● Recorded information:
● ● ● ●
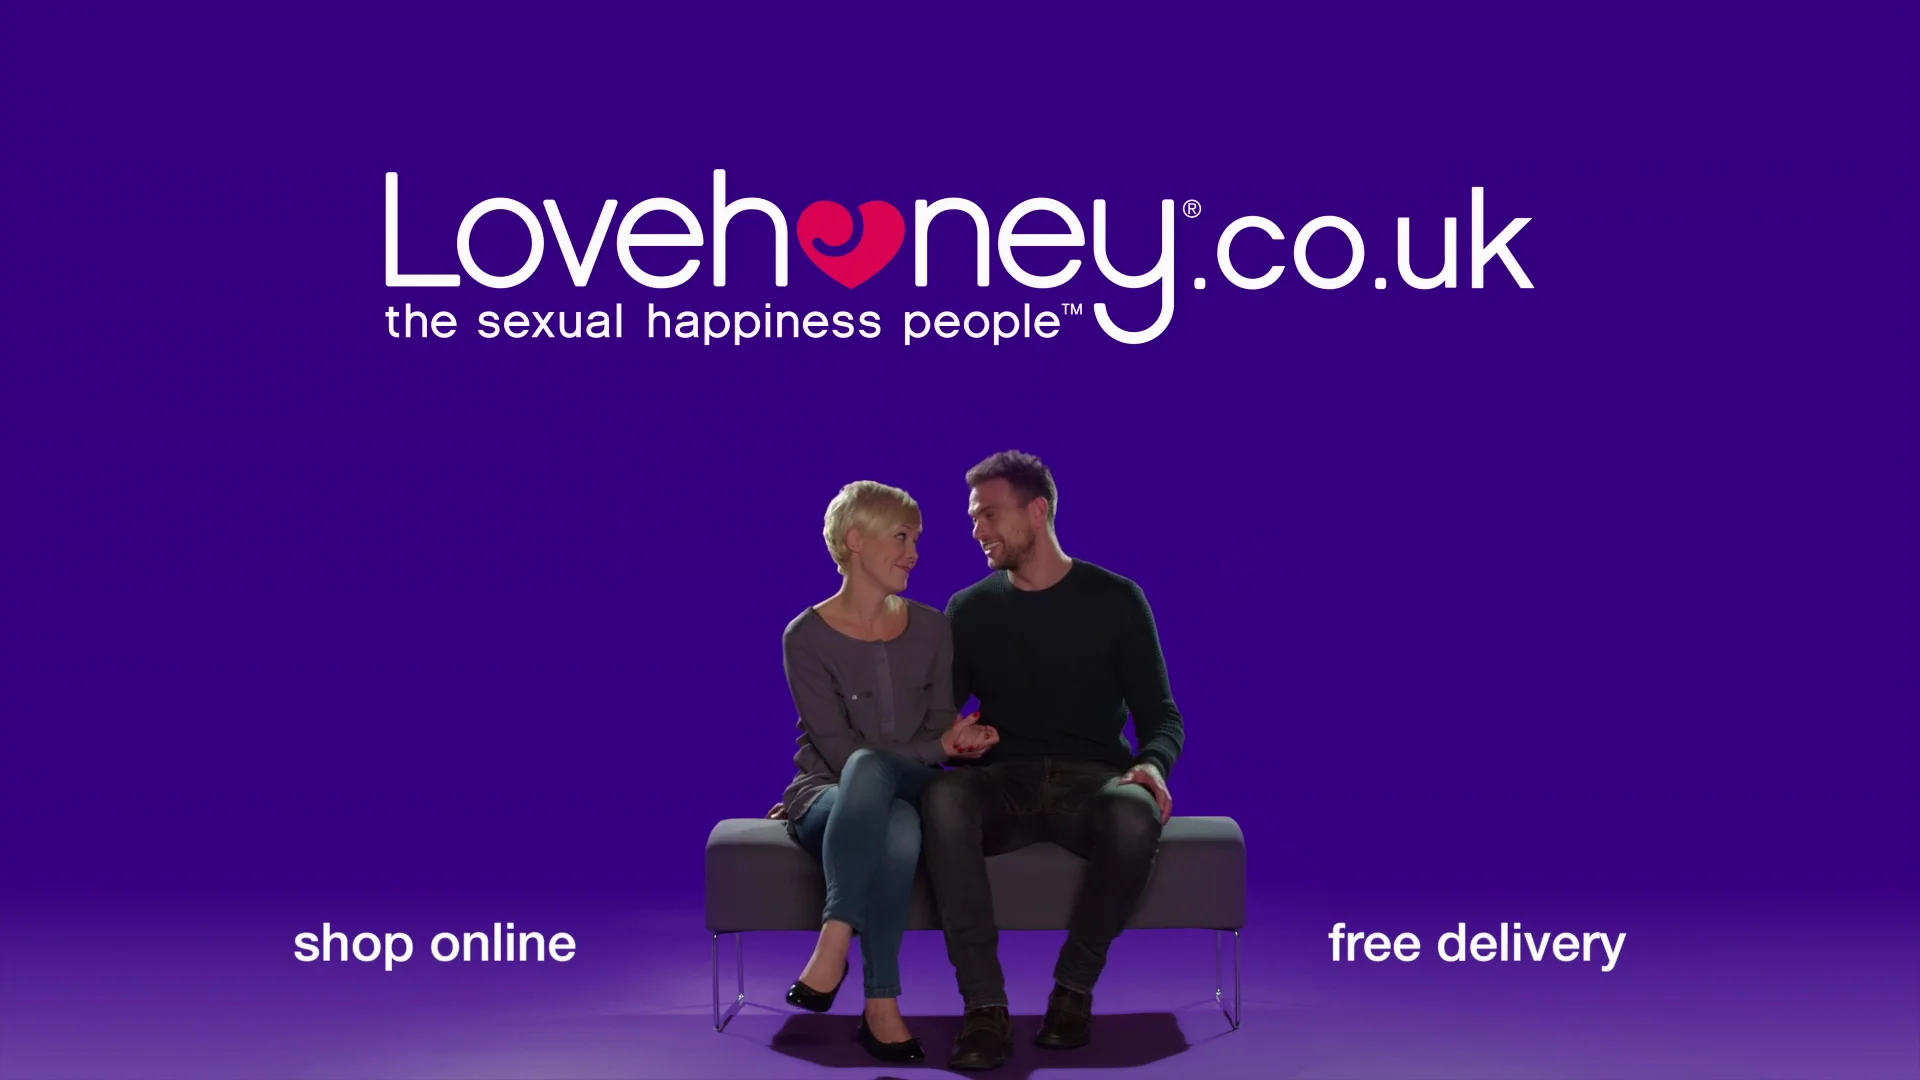 Lovehoney.co.uk TV advert - Post 11pm version on Vimeo
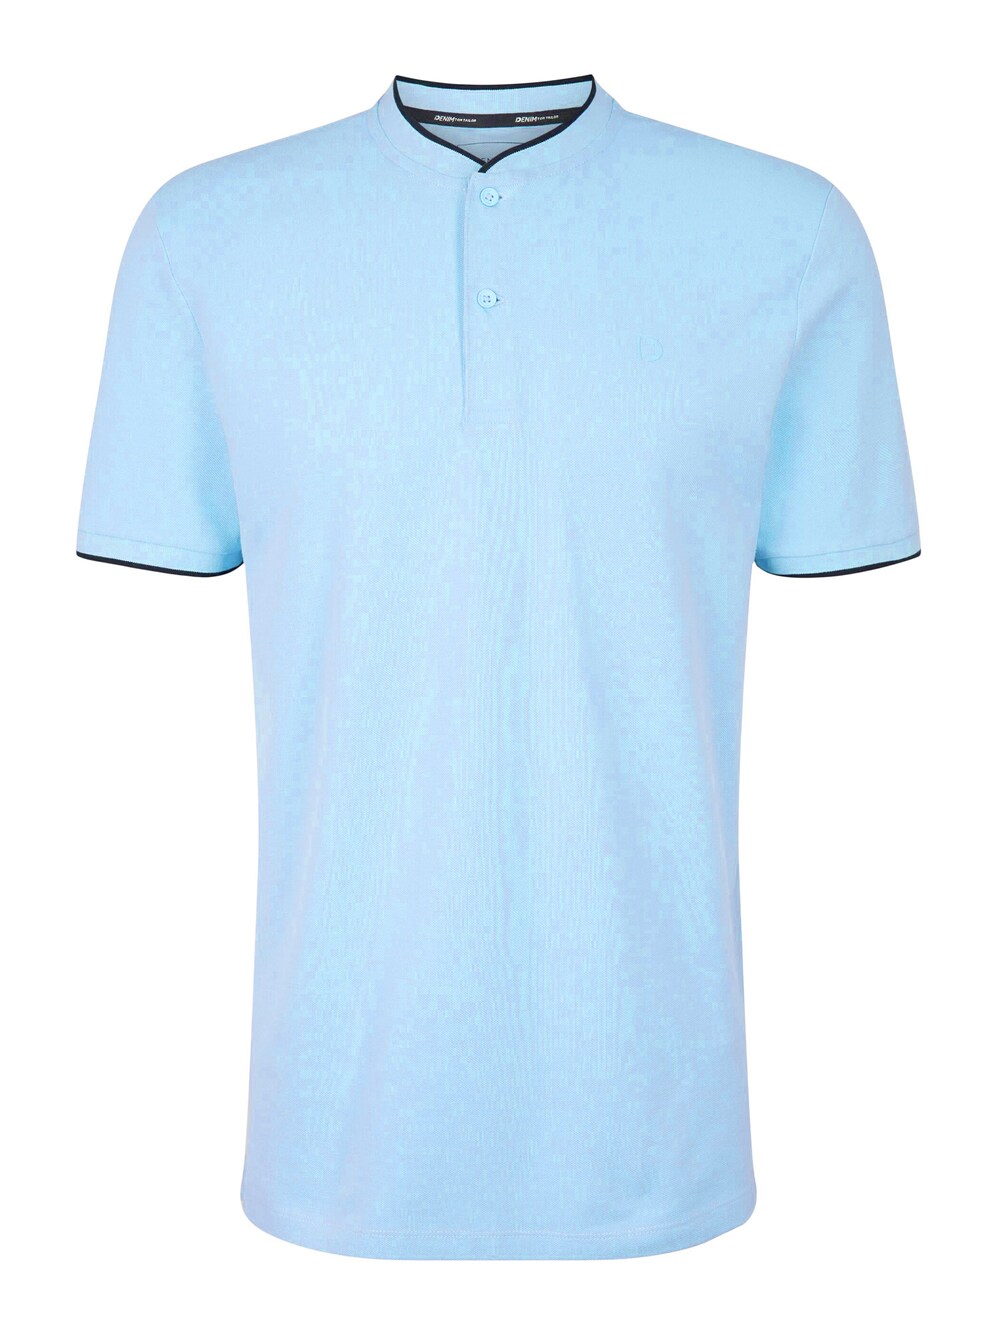 Футболка TOM TAILOR DENIM, темно-синий/светло-голубой футболка tom tailor размер l белый голубой
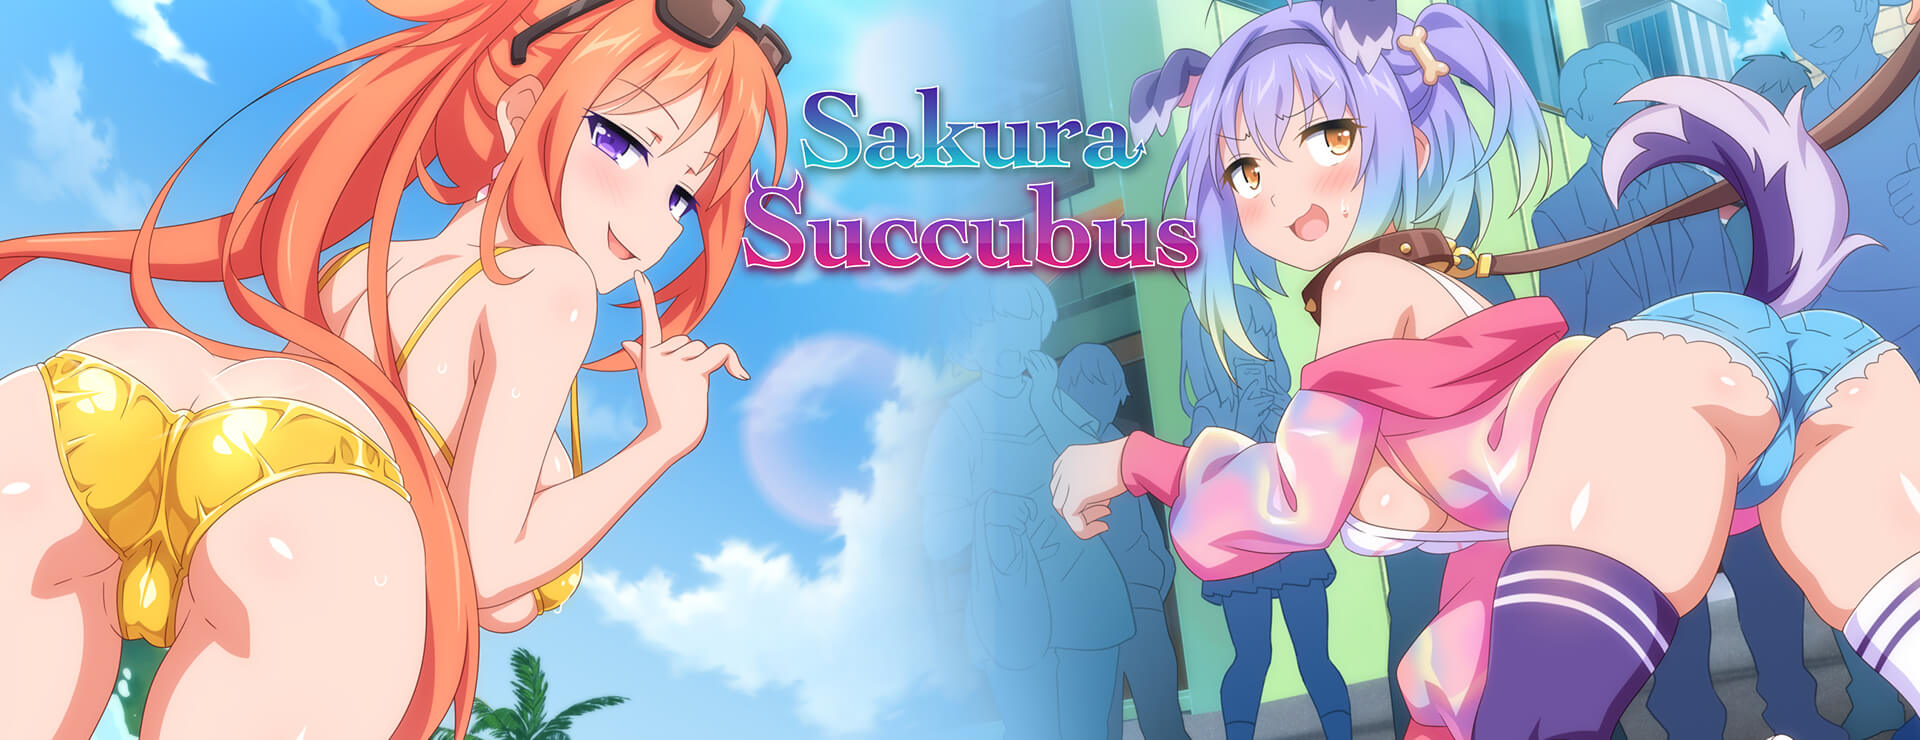 Sakura Succubus thumbnail
● ● ● ●
● Exercise: Starting with the line that contains "Футболка TOM TAILOR DENIM, темно-синий/светло-голубой", print every line through the end of the data exactly as written; omit all pictures and add nothing else.

● Answer space:
 Футболка TOM TAILOR DENIM, темно-синий/светло-голубой футболка tom tailor размер l белый голубой
 Sakura Succubus thumbnail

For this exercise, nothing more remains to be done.